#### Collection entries
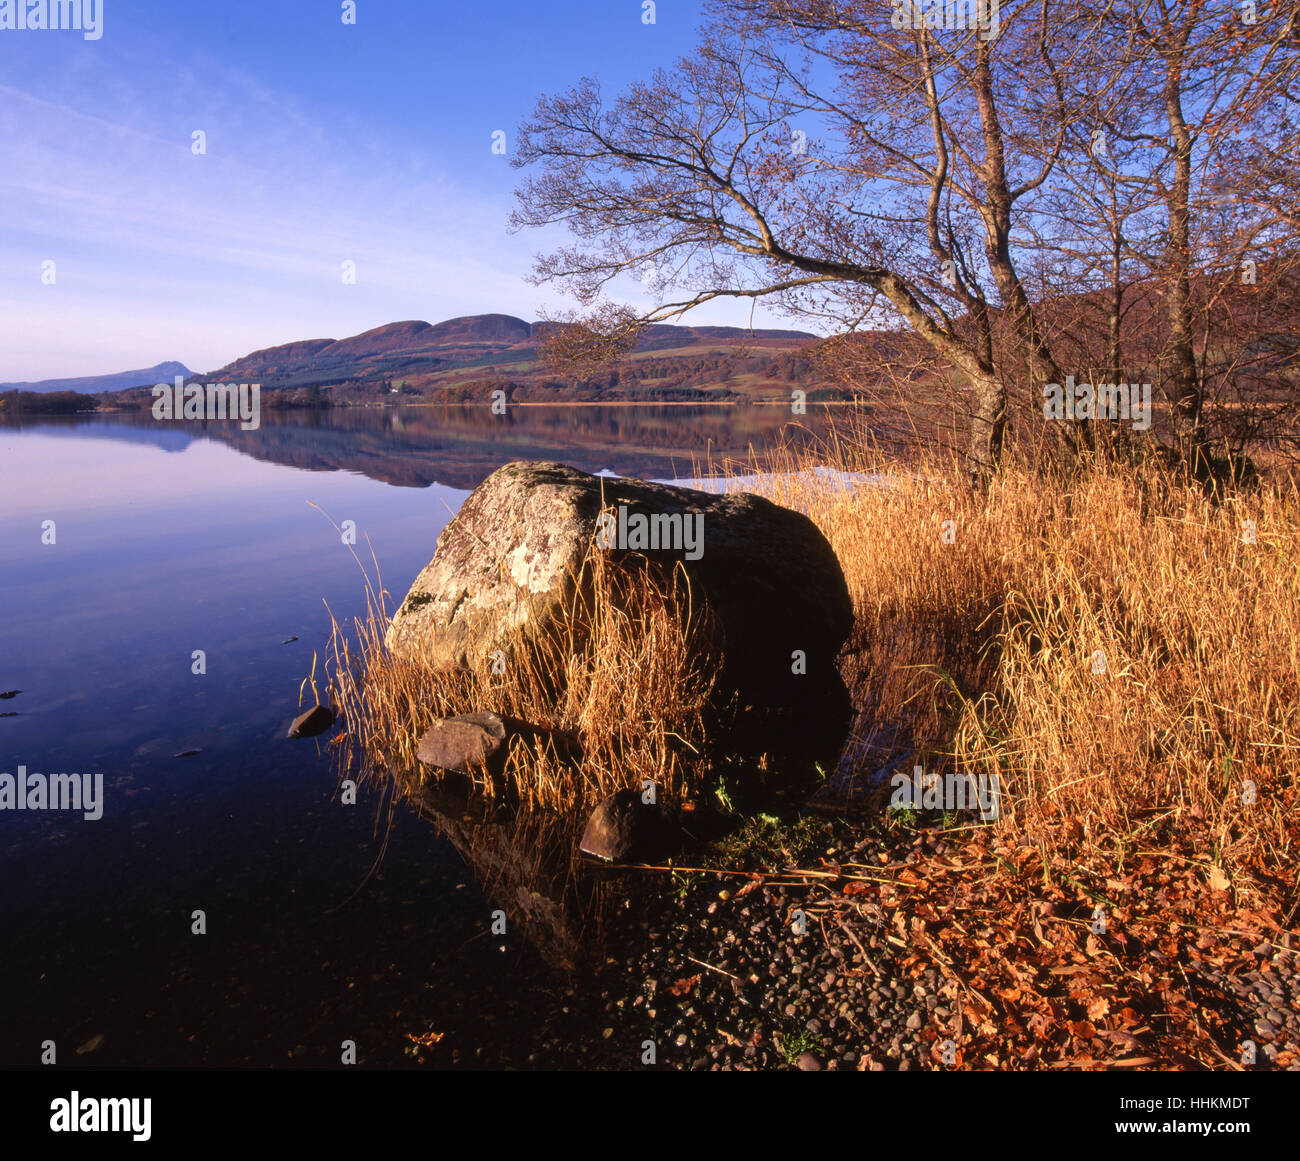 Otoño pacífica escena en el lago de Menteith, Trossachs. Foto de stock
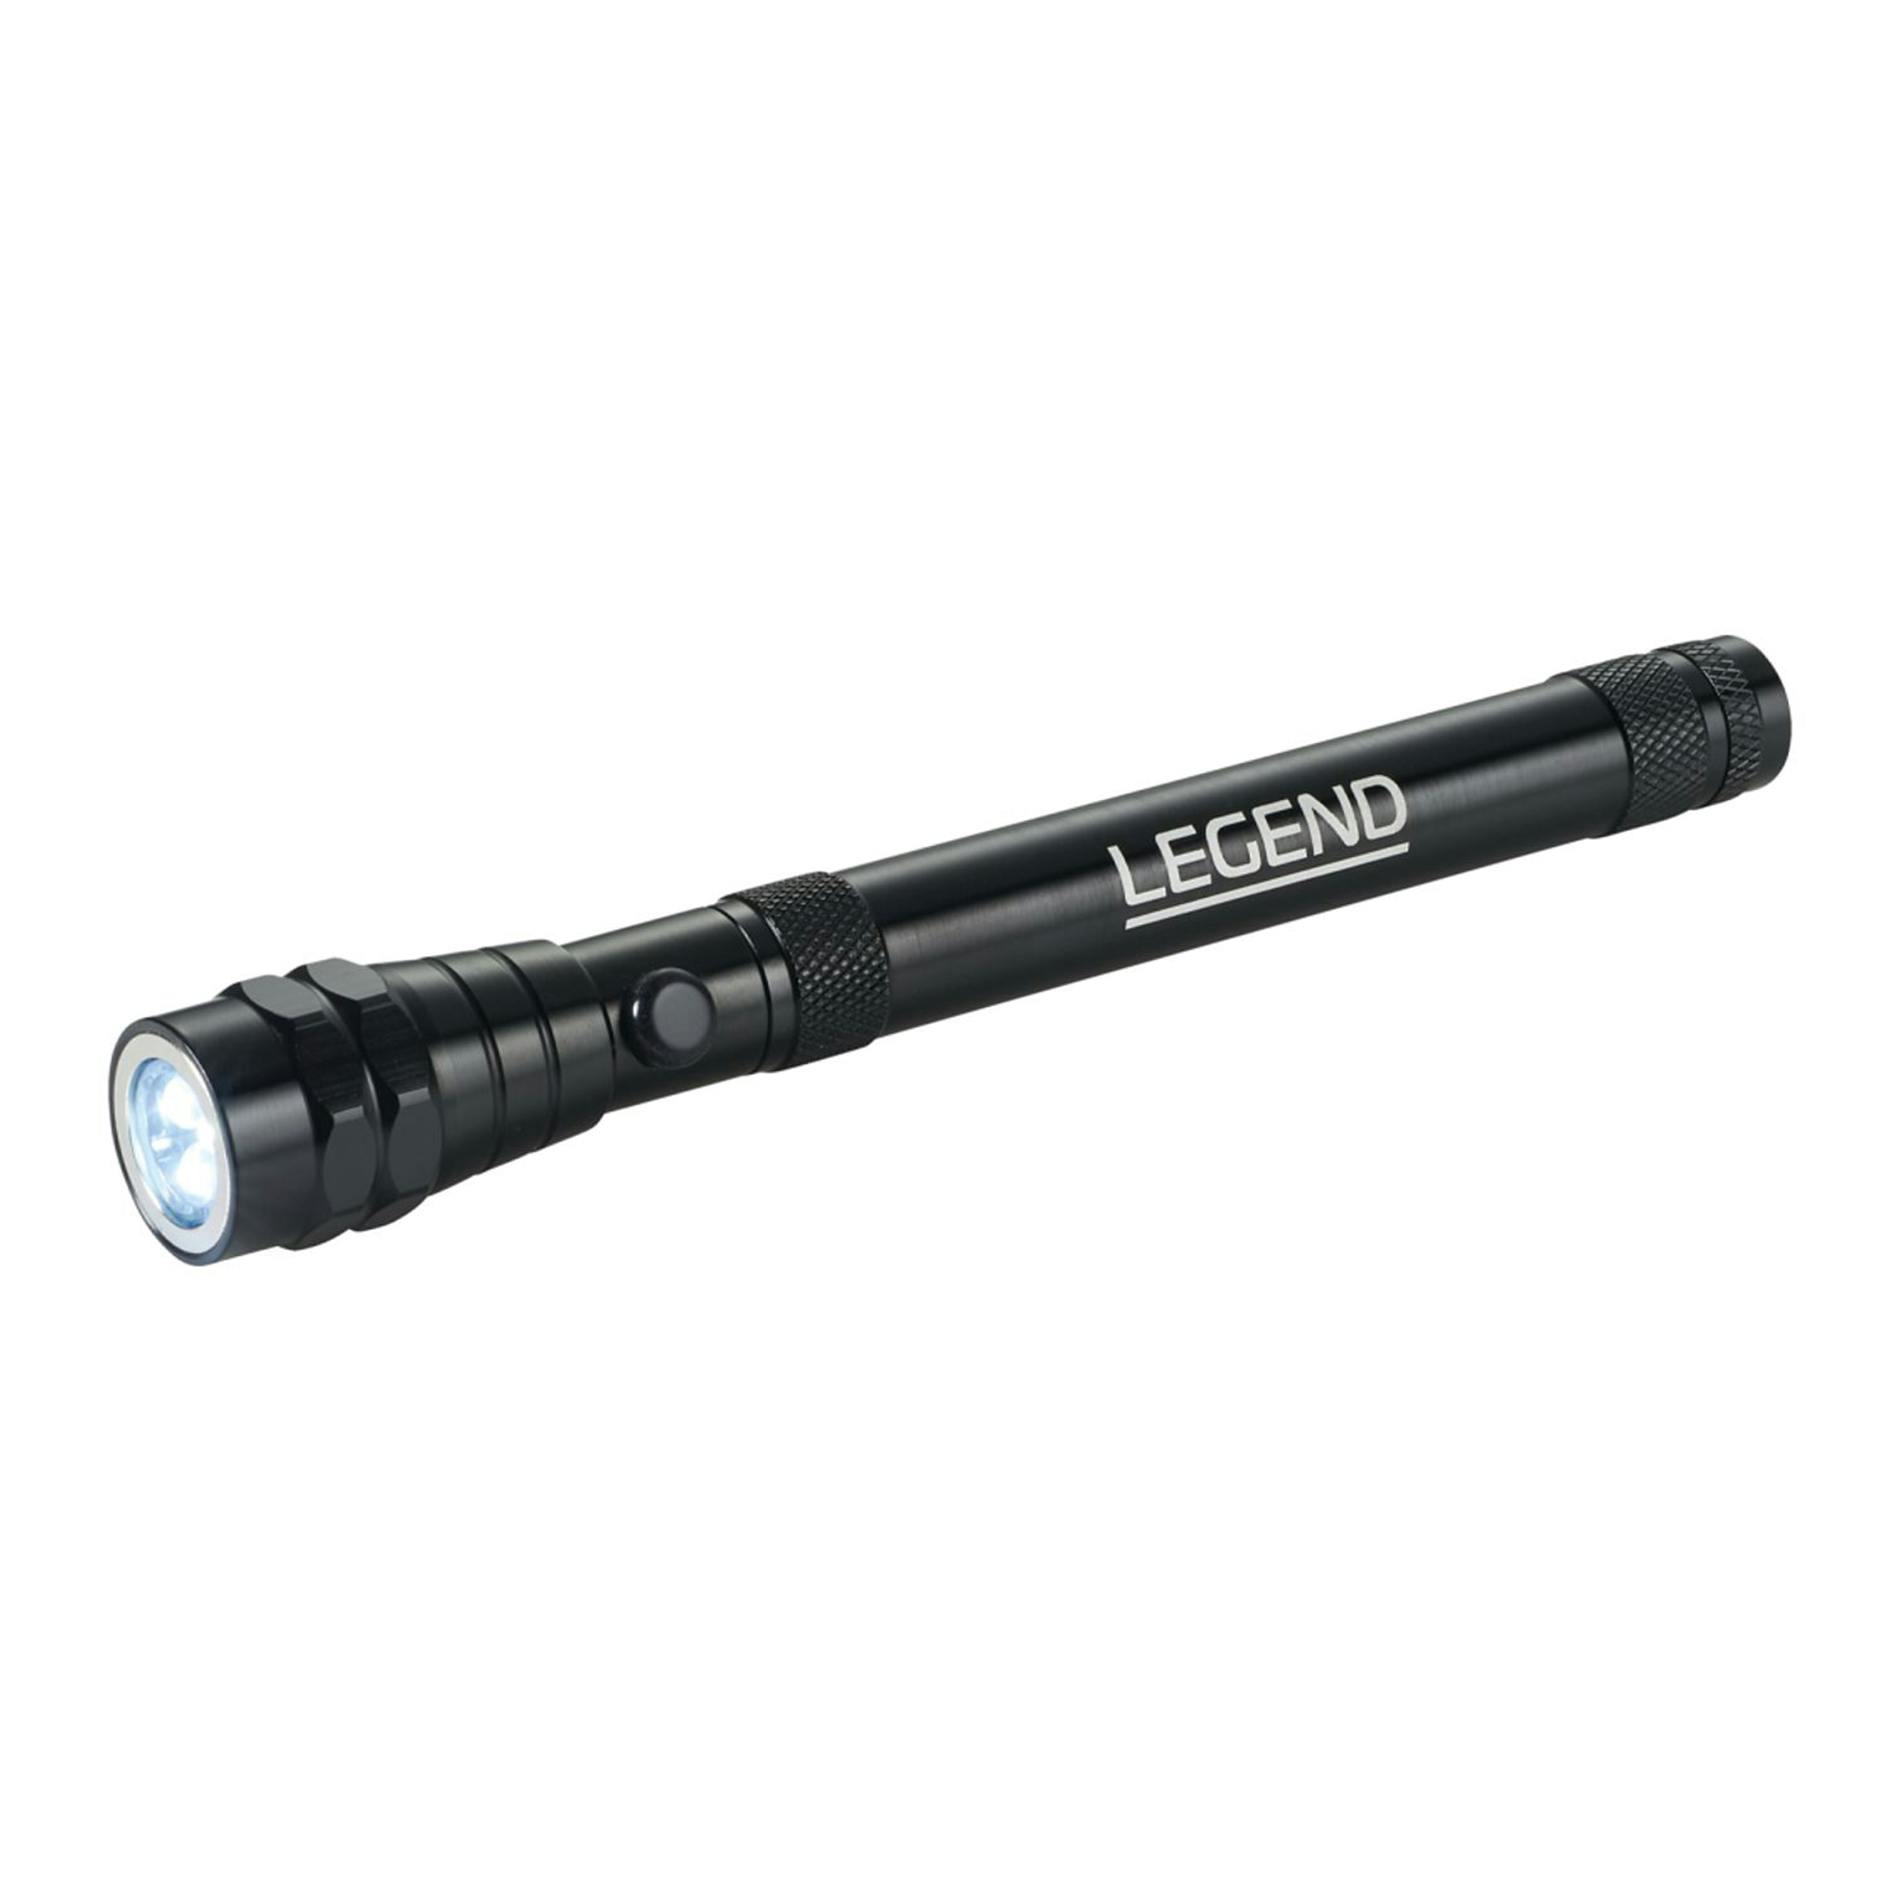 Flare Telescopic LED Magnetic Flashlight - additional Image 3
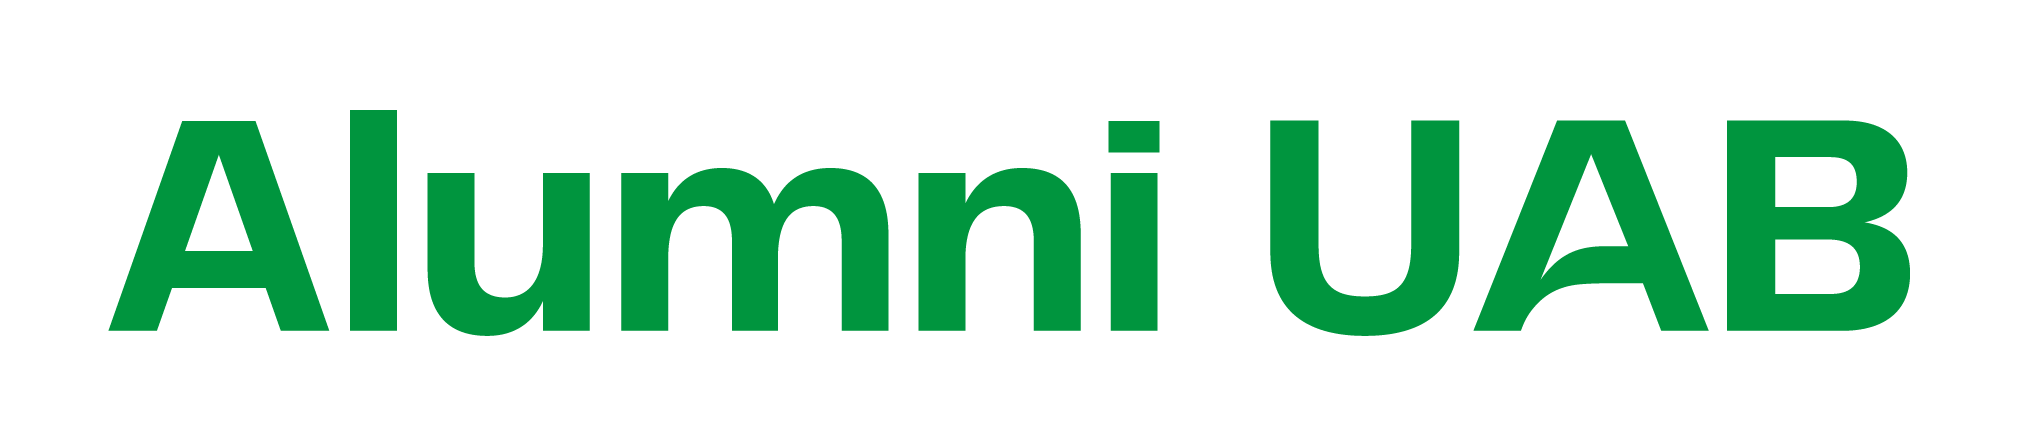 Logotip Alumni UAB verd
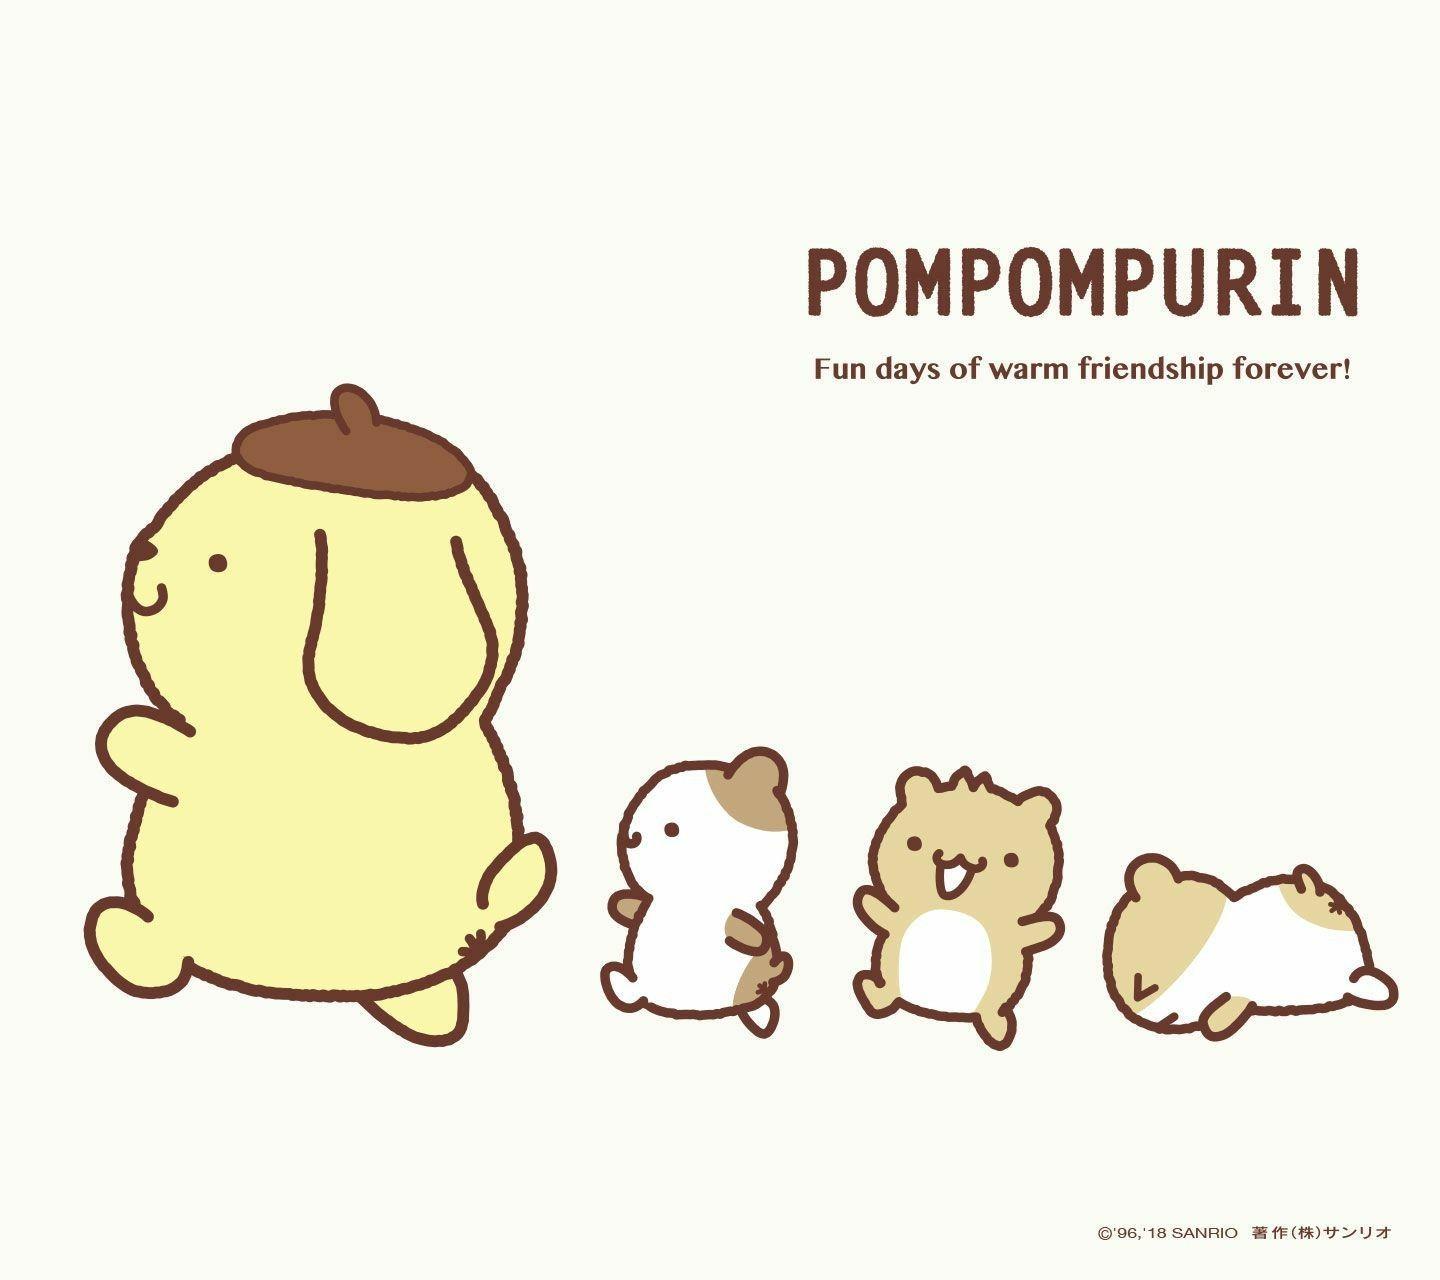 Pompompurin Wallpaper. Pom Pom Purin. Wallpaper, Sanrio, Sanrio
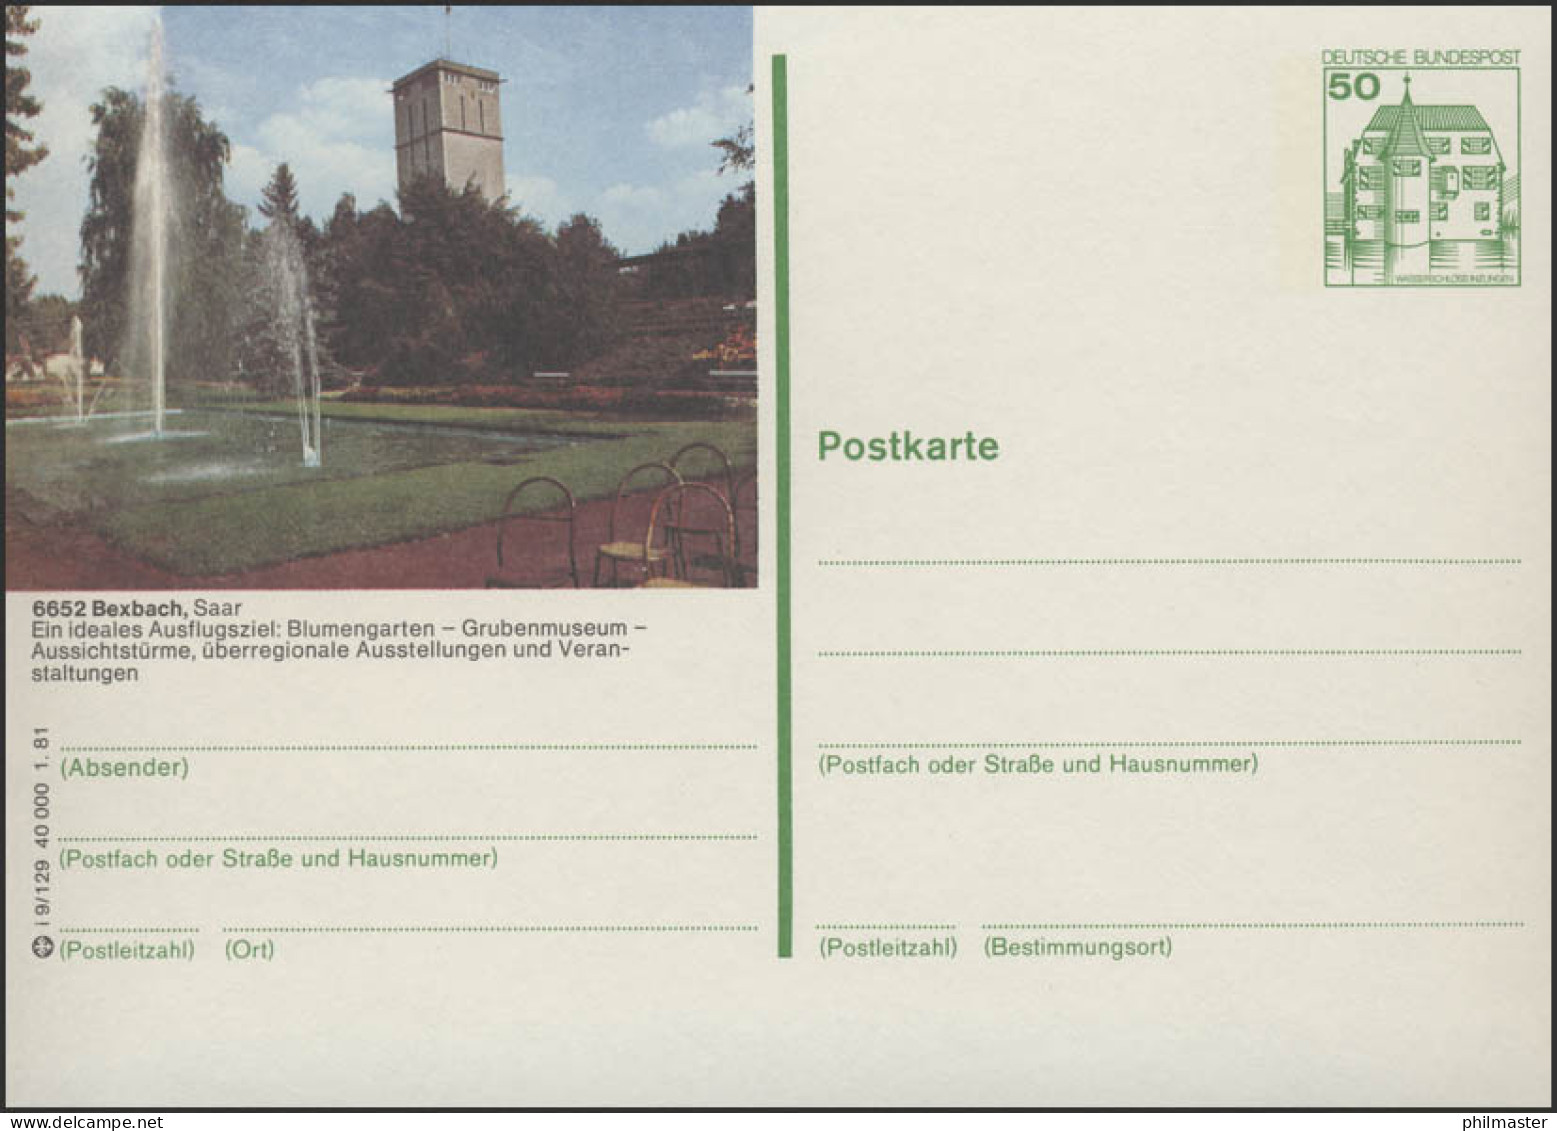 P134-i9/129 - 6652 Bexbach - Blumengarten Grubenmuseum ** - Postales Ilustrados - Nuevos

#### Action item
For this exercise, return the data above exactly and leave every picture out.

#### Answer space
 Otoño pacífica escena en el lago de Menteith, Trossachs. Foto de stock
 Flare Telescopic LED Magnetic Flashlight - additional Image 3
 Logotip Alumni UAB verd
 Pompompurin Wallpaper. Pom Pom Purin. Wallpaper, Sanrio, Sanrio
 P134-i9/129 - 6652 Bexbach - Blumengarten Grubenmuseum ** - Postales Ilustrados - Nuevos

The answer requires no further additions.